Come quel personaggio dell'Underworld di Delillo. Faceva pensare che «mangiasse dentro piatti sporchi, ma piano piano ci si abituò a lui, anzi si cominciò a trovarlo molto piacevole». Così finiremo per assecondare la scomposta sciatteria di questa coalizione di governo. Rischiando l'abitudine.
L'ultimo spunto è l'incredibile «appropriazione impropria» del bonus fiscale (19 miliardi di maggiori entrate fiscali di cui il governo Prodi si è attribuito come merito). Qualche ora e all'interno della coalizione si è iniziato a ragionare su come spartirle. I fronti sono due. L'ala comunista ha subito chiesto di alleggerire la prossima Finanziaria.
La realtà non solo per noi, ma per il novantanove per cento degli economisti, è che i 19 miliardi arrivano dalla ripresa dell'economia, da alcune imposte una tantum e da una accorta politica fiscale adottata dal passato governo.

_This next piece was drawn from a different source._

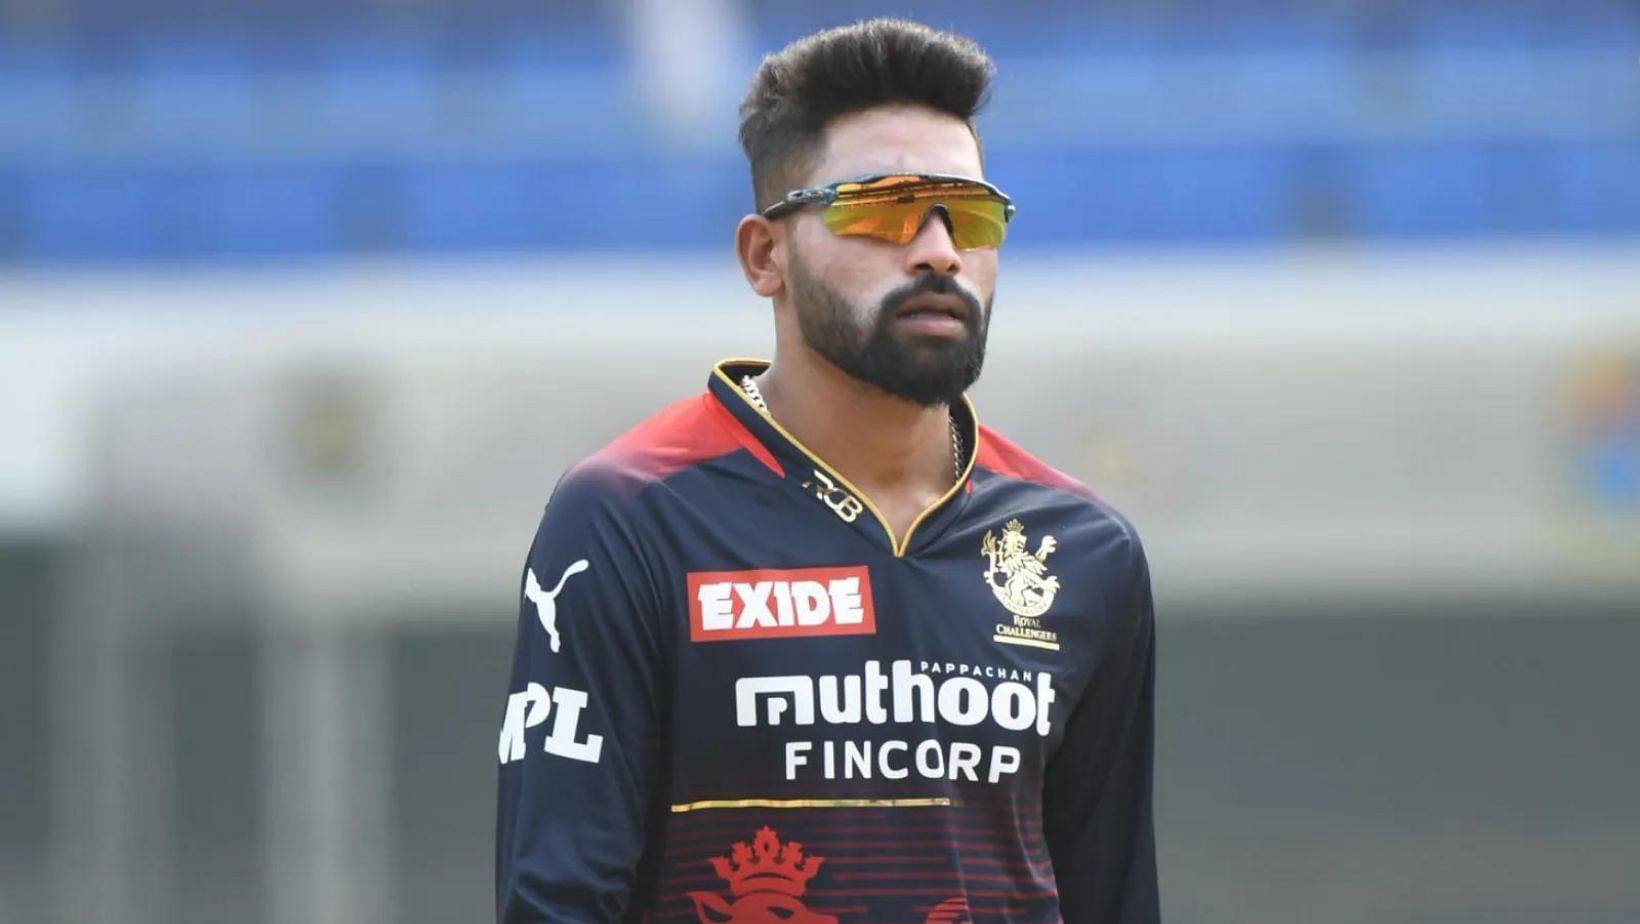 The India international has been dropped from the Royal Challengers Bangalore playing XI.

La questione grottesca è che lo scippo del bonus fiscale sta rappresentando un ulteriore motivo di divisione all'interno della sinistra. Il ministro dell'Economia prevede una Finanziaria da 35 miliardi: 20 per la riduzione del deficit e 15 per lo sviluppo. Il taglio del deficit deriverà essenzialmente dalla riduzione di spese in quattro comparti: sanità, pensioni, enti locali e pubblica amministrazione. Bruxelles pretende almeno 16/17 miliardi di misure strutturali: la ripresa economica e il conseguente miglioramento delle entrate, non hanno per i burocrati europei nulla di strutturale. A ciò si aggiunga che questo governo è entrato in carica con tassi di interesse europei al 2,5% e nel prossimo anno dovrebbero arrivare al 3,5% per la politica monetaria già adottata dalla Bce: il che fa un saldo di 10 miliardi di euro in più per pagare gli interessi sul nostro debito pubblico. In sintesi l'Europa da una parte ci chiede rigore nei conti, dall'altra ci toglie un po' di terreno sotto i piedi aumentando i tassi di interesse.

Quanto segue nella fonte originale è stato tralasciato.